Insulating your campervan is one of the most important steps during your van conversion. If done properly, it will keep you cool during the hot summer months and keep you warm and cozy during cold winters.

Insulation comes however in a wide variety of materials which all have different textures and characteristics. We would like to take a closer look at some of the types of materials that can be used. In particular, we want to look at the more natural and eco-friendly insulation options out there that are applicable in your campervan conversion. Don’t be fooled though, they work at least as great as their chemical counterparts.

The use of these eco-friendly insulation materials has many benefits over traditional materials such as fiberglass. The most well-known benefit is probably the fact that they are more pleasant to work with. There is no need to wear any protective clothing when working with the sustainable insulation options we talk about below, they do not irritate your skin or your airways.

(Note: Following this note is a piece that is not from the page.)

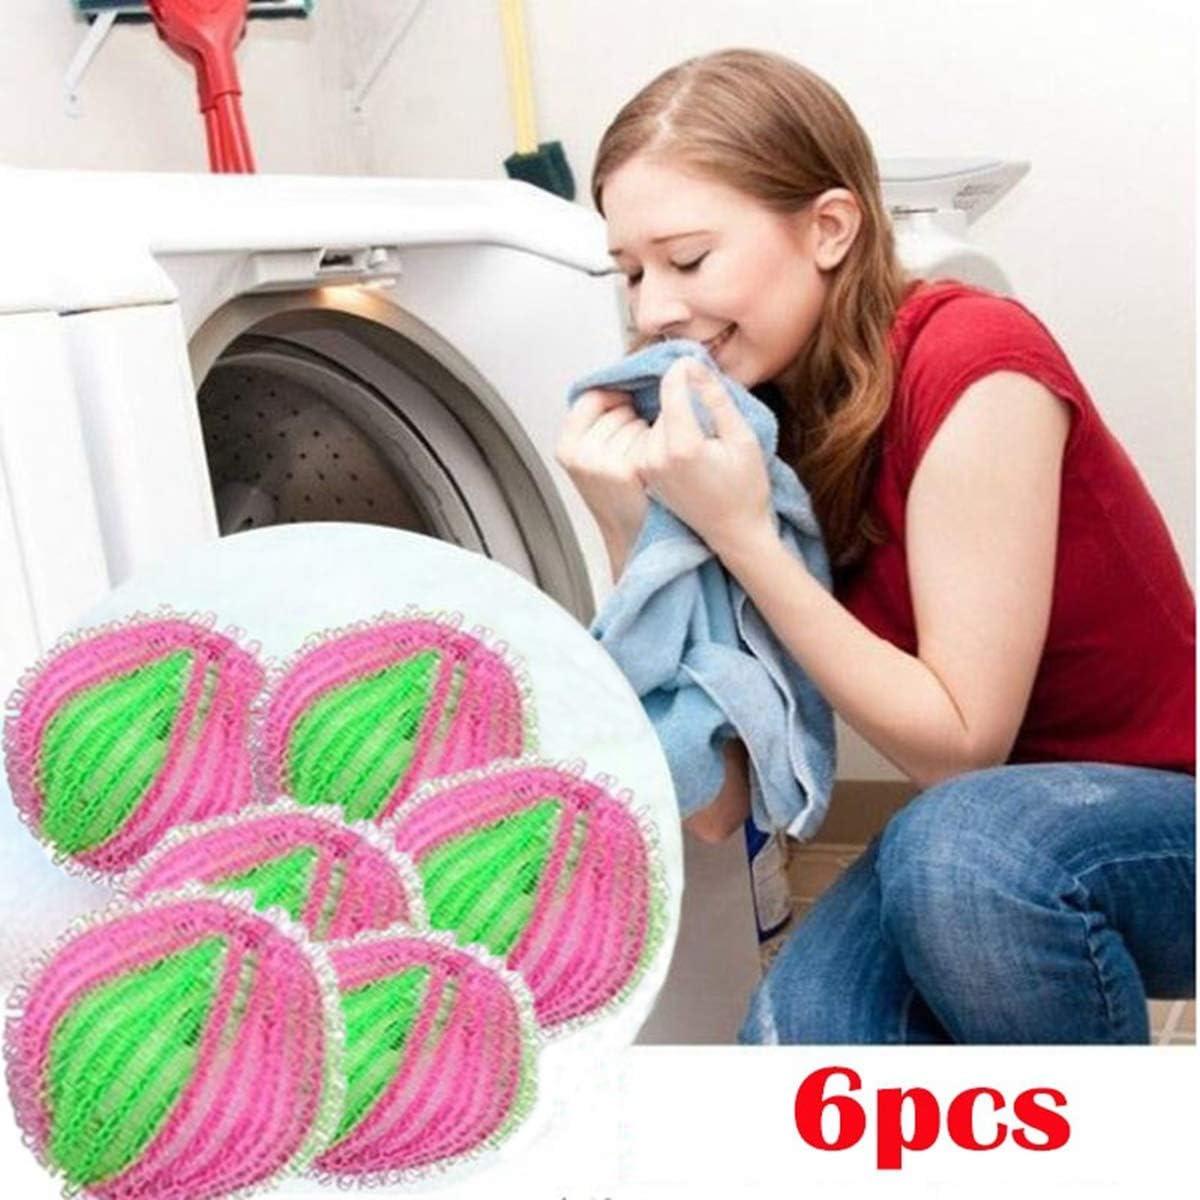 AISE 6 st/ücke Wiederverwendbare Haarf/änger Waschen W/äsche B/älle Hause Waschen W/äsche Werkzeuge Kleidung Pflege Pet Haar Fell Fusselentferner K/örperpflege

These sustainable insulation options are also all 100% recyclable and renewable. And almost all options, with exception of sheep wool, result in the sequestration of carbon. They are plant based, and during the growth of the plant, the plant stores carbon. After the plants are harvested and converted into insulation materials, the carbon stored in the plants is sequestered in insulation. This makes all of the plant based options at least carbon neutral and some of them even carbon negative!

Opting for natural insulation materials thus helps in the battle against climate change!

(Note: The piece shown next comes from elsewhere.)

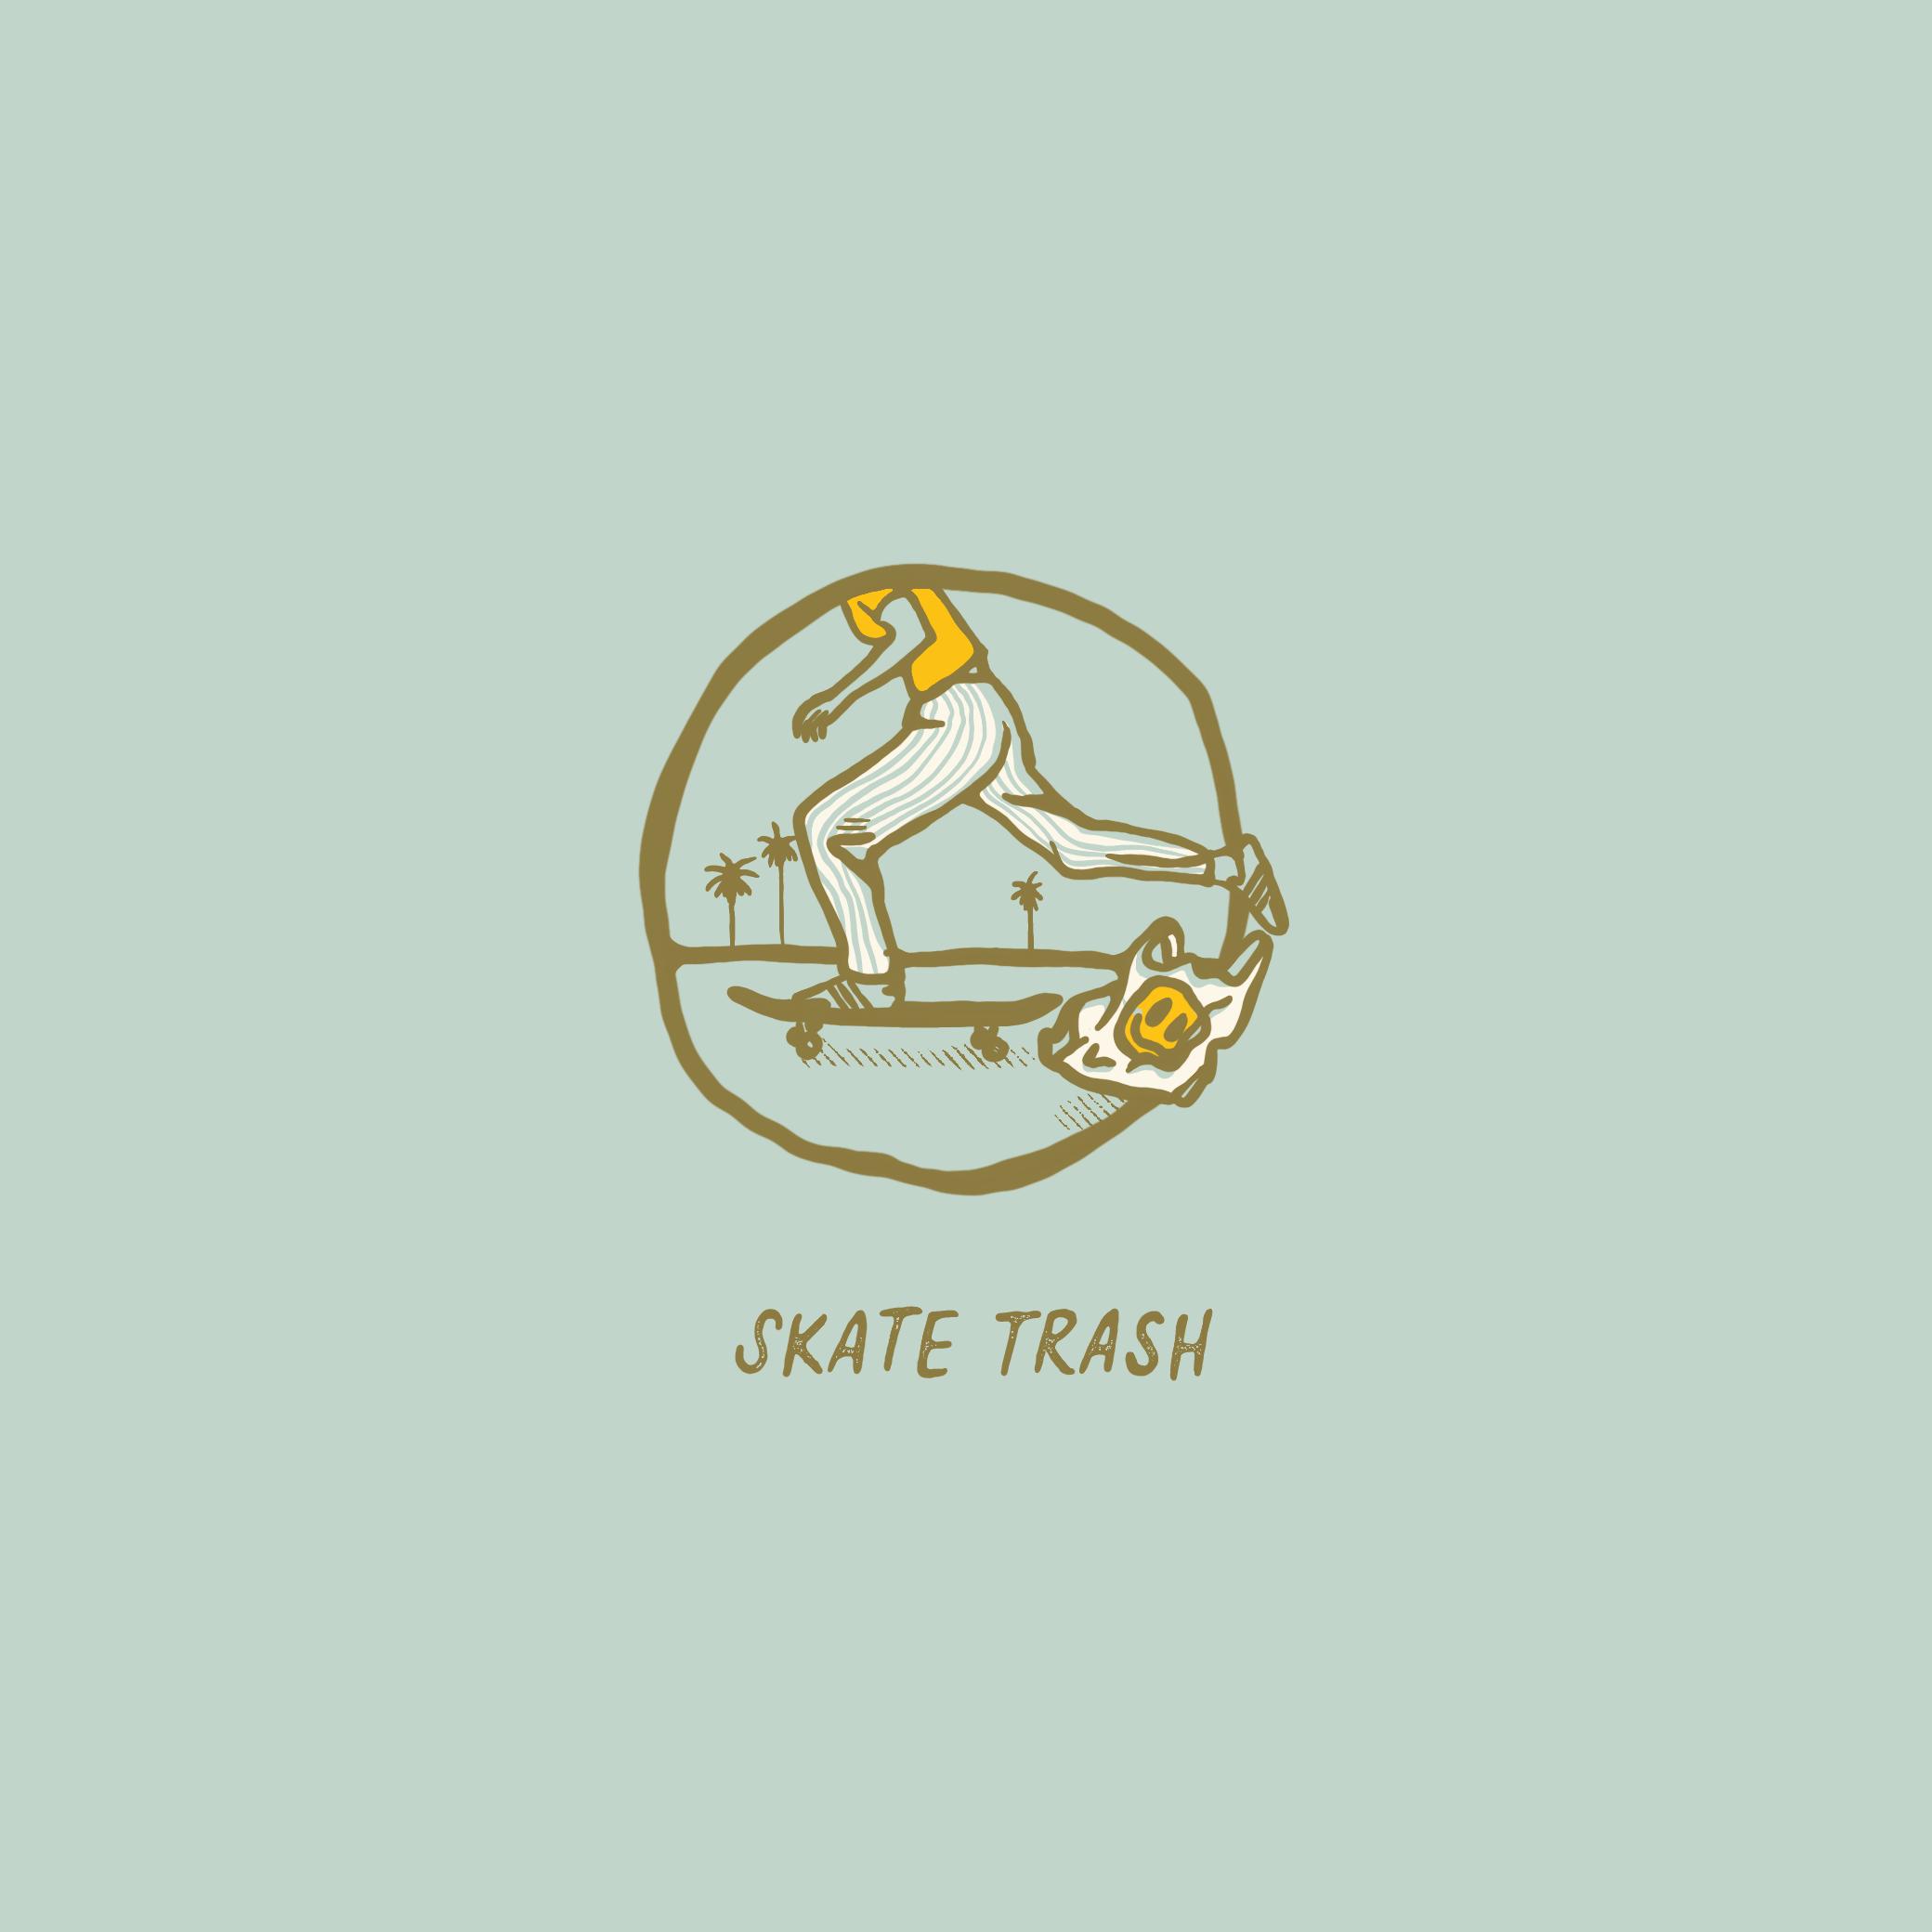 SydneyTomer-Skate Trash.PNG

Here, we summarize general characteristics of the most sustainable insulation materials. We hope that this will help you guys in making a decision on which material to choose in your campervan conversion or tiny house build!

 

Types of insulation

The more eco-friendly and renewable insulation options we’ve come across during our research are:

 

How to compare

Different types of insulation can be compared by looking at either their lambda or their R value.

The goal of insulation is to reduce the transport of heat from one side to the other. Be it from inside your home to outside in the winter, or the other way around in the warm summers.

This transfer of heat is defined by the lambda (λ) value of insulation. Lambda represents the thermal conductivity of a material; it measures how easily heat is conducted by a specific material.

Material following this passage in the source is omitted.